What were Sister White’s true feelings about the spiritual history of the post- 1888 leadership? We insist that her evaluation of the situation is far more accurate than anyone’s opinions who did not have the gift of prophecy as she did. Bear in mind that the critical issue under discussion is the Lord’s call to denominational repentance (“Be zealous therefore, and repent,” Revelation 3:19). Is that call to repentance echoed in our 1888 history and does it vitally affect our preparation for the Latter Rain and Loud Cry? Another unpublished document that came into our possession years ago is the original unedited transcript of Ellen G. White’s remarks made in the Battle Creek College Library on April 1, 1901, at 2:30 p.m. which presents clear-cut evidence:

When we see that message after message that God has given, has been taken and accepted, but no change—just the same as it was before, then we know that there is new blood must be brought into the regular lines. . . . Not that anyone means to be wrong, or to do wrong; but the principle is wrong, and the principles have become so mixed and so foreign from what God’s principles are, and the message has been going constantly in regard to principles, sacred, holy, elevated, ennobling, in every institution, in the publishing house and in all the interest of the General Conference—everything that concerns the handling of the work, it requires minds that are worked by the Holy Spirit of God. … There should be a renovation without any delay. . . . This thing has been acted and reacted for the last fifteen years or more, and God calls for a change. … Our standstill has got to come to an end; but yet every Conference, it is woven after the very same pattern. … Enough has been said; enough has been said over and over and over again, but it does not make any difference; they go right on just the same, professedly accepting it, but they do not make any change. Well, now, that is what burdens me; that is what burdens me. … “You have lost your first love,” you have lost it.

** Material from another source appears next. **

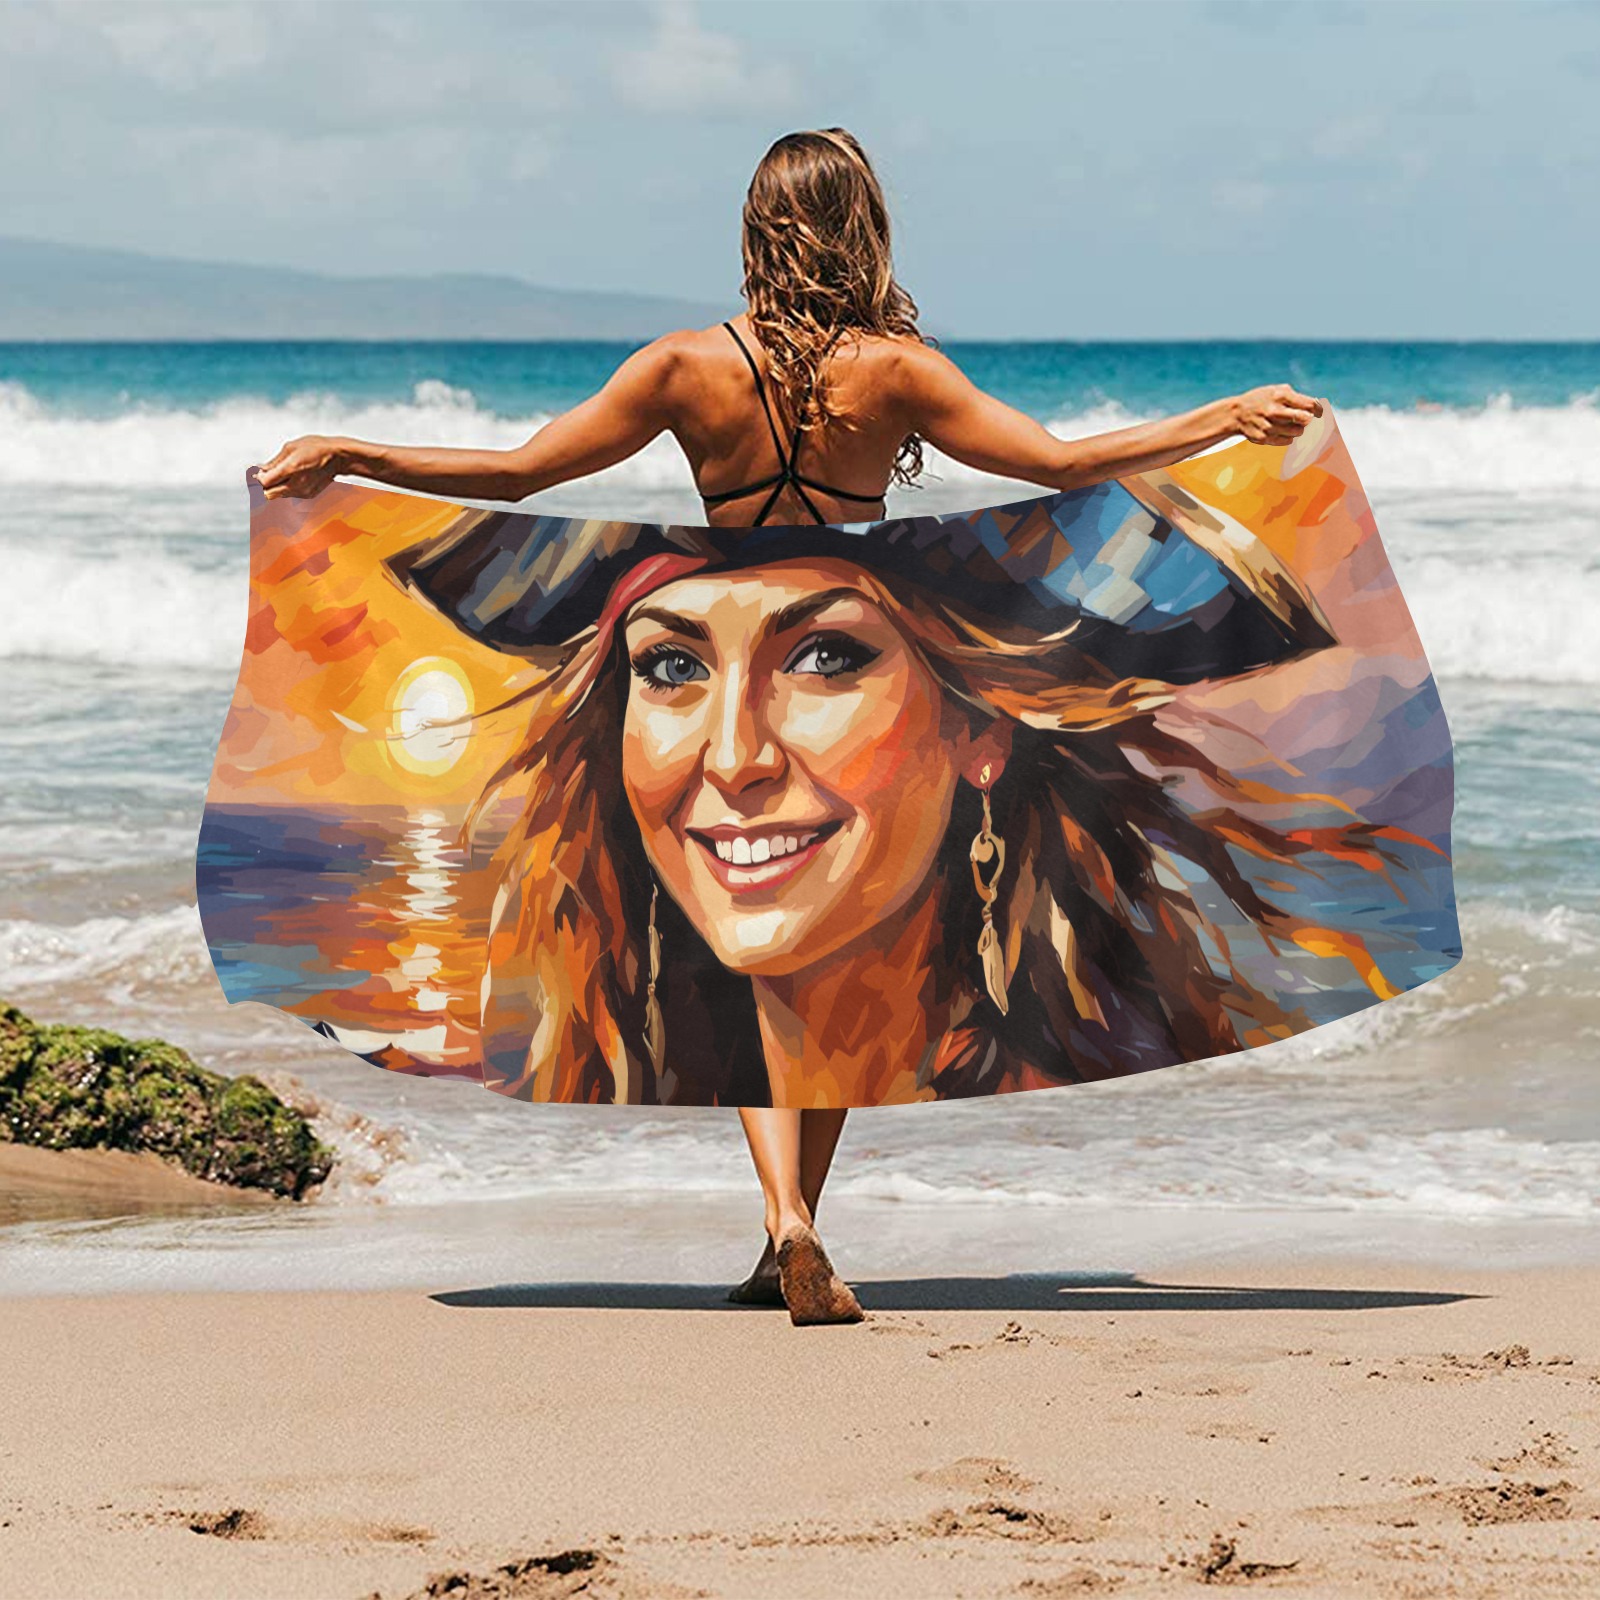 Lovely smiling pirate woman by the sea at sunset. Beach Towel 32"x 71"

If we were asked, “Did the post-1888 leadership ‘professedly accept’ the 1888 message? “ we would have to answer “yes.” But “professedly accepting it” and “not making any change” will never finish God’s work, even in a thousand years. It is this “professedly accepting it” which has confused certain sincere denominational historians into assuming that such lip service meant heart- acceptance. Isn’t it time now to consider the truth?